Title: Modelling the probability density of Markov sources
Abstract: This paper introduces an objective function that seeks to minimise the average total number of bits required to encode the joint state of all of the layers of a Markov source. This type of encoder may be applied to the problem of optimising the bottom-up (recognition model) and top-down (generative model) connections in a multilayer neural network, and it unifies several previous results on the optimisation of multilayer neural networks.
I wrote this paper about a decade ago, and submitted it to Neural Computation on 2 February 1998, but in effect it was not accepted for publication because the referees asked for changes to be made to the paper that I thought (and still think) were unreasonable. Apart from minor reformatting changes, this arXiv version of the paper is
identical to the version that I submitted to Neural Computation.

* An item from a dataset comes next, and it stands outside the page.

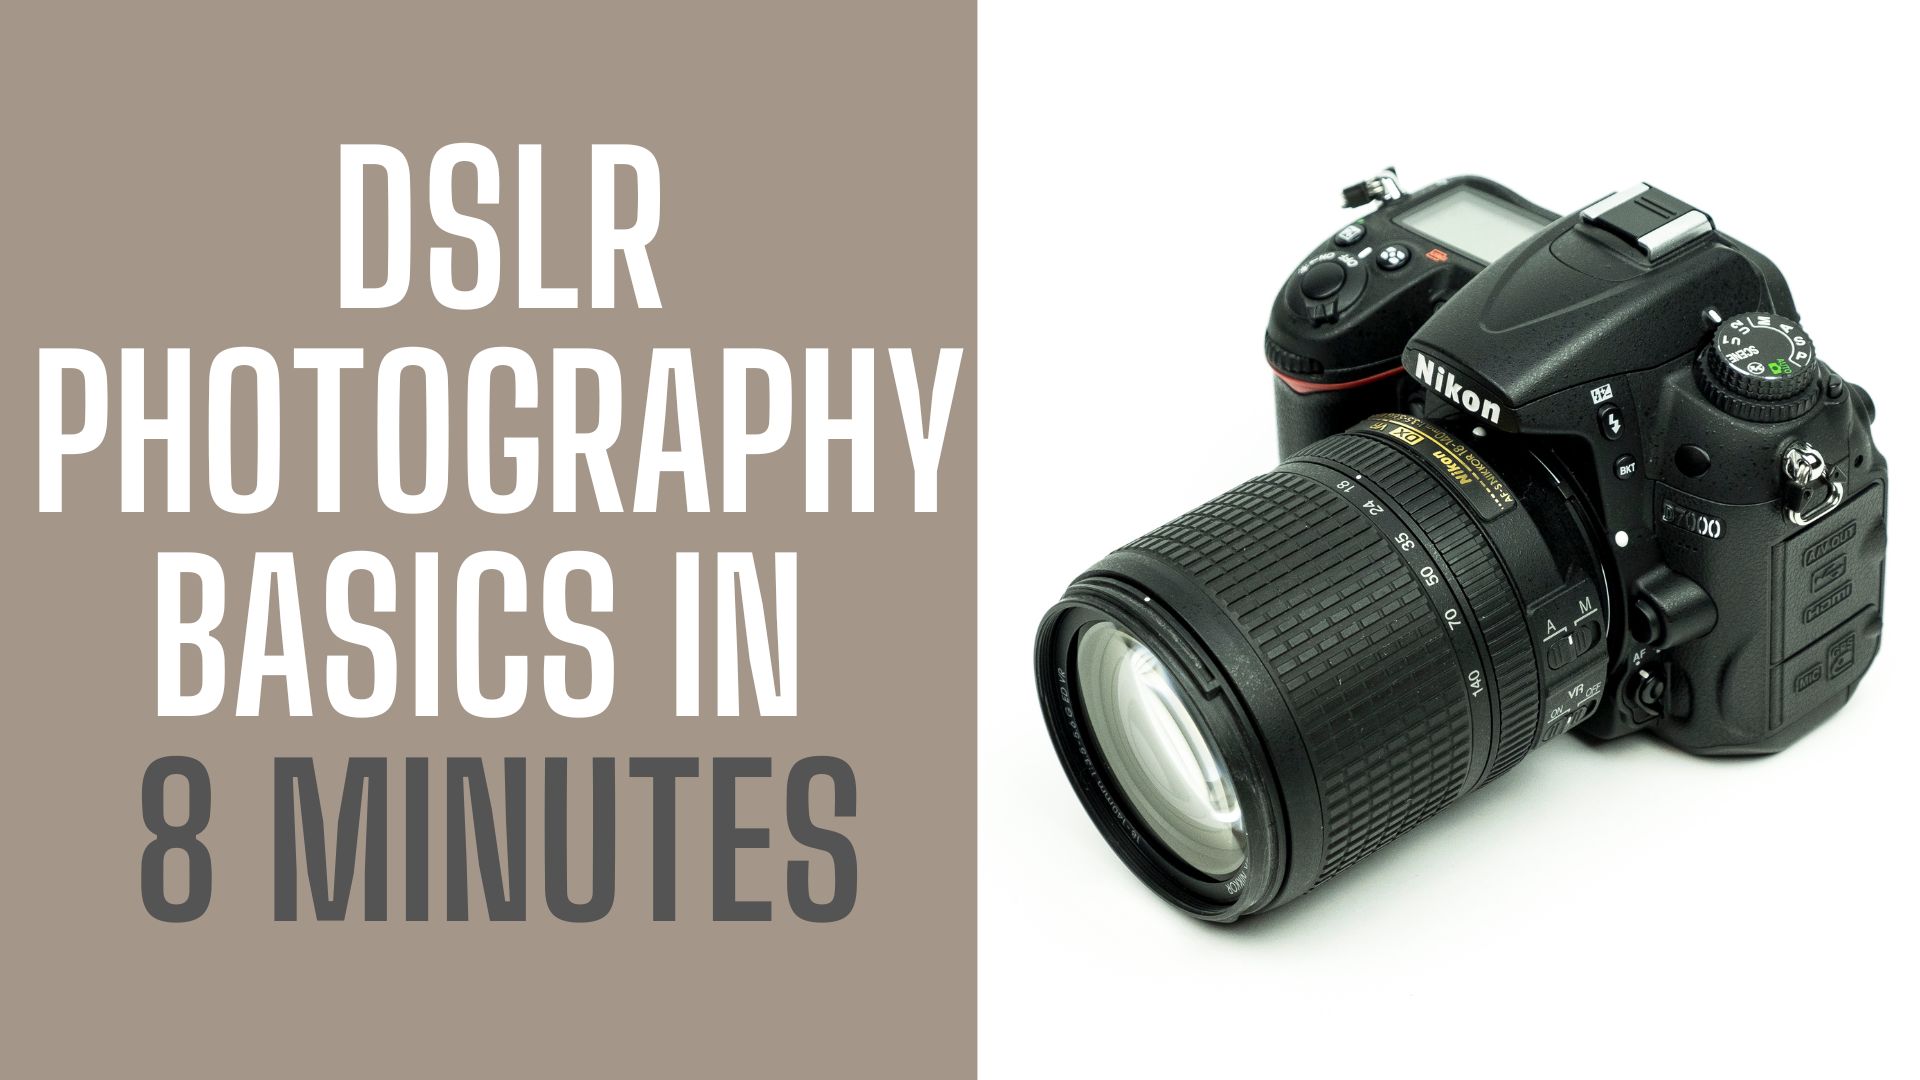 DSLR Photography Basics

The paper contains material that is based on a preprint that I wrote at the
Neural Networks and Machine Learning Scientific Programme at the
Isaac Newton Institute in 1997. The Newton Institute preprint number is NI97039, and it is available online on this
page of 1997 preprints, or can be accessed directly
here.
The main idea in the paper is to optimise a multi-layer density-modelling network so that the
joint probability of the state of
all of its layers has desirable properties, rather than for the
marginal probability of the state of
only its input layer to have desirable properties. In effect, all of the layers of the network are put on an equal footing, rather than selecting the input layer to be treated differently from the rest of the layers. The approach to density modelling described in this paper turns out to unify various results that I had published in several of my earlier papers.
The objective function for optimising the joint probability of the state of all the layers of a network is
almost the same as the one that is used to optimise a
Helmholtz machine, but it
omits the so-called "bits-back" term that is used by Helmholtz machines, so it penalises the use of
distributed codes whilst encouraging the use of
sparse codes in the hidden layers of the network. At the
Neural Networks and Machine Learning Scientific Programme in 1997, I was told by Geoffrey Hinton (who is one of the originators of the Helmholtz machine) that they had looked at what happened if they omitted the bits-back term, and they had concluded that it didn't lead anywhere interesting! I found this remark quite amusing because much of my useful research output had derived from omitting the bits-back term. Also, with the decade of additional insight that I have accumulated since 1997, I can now see that
joint (rather than
marginal) probability optimisation is the
key to obtaining useful results in multi-layer density-modelling networks. Watch this space, as they say!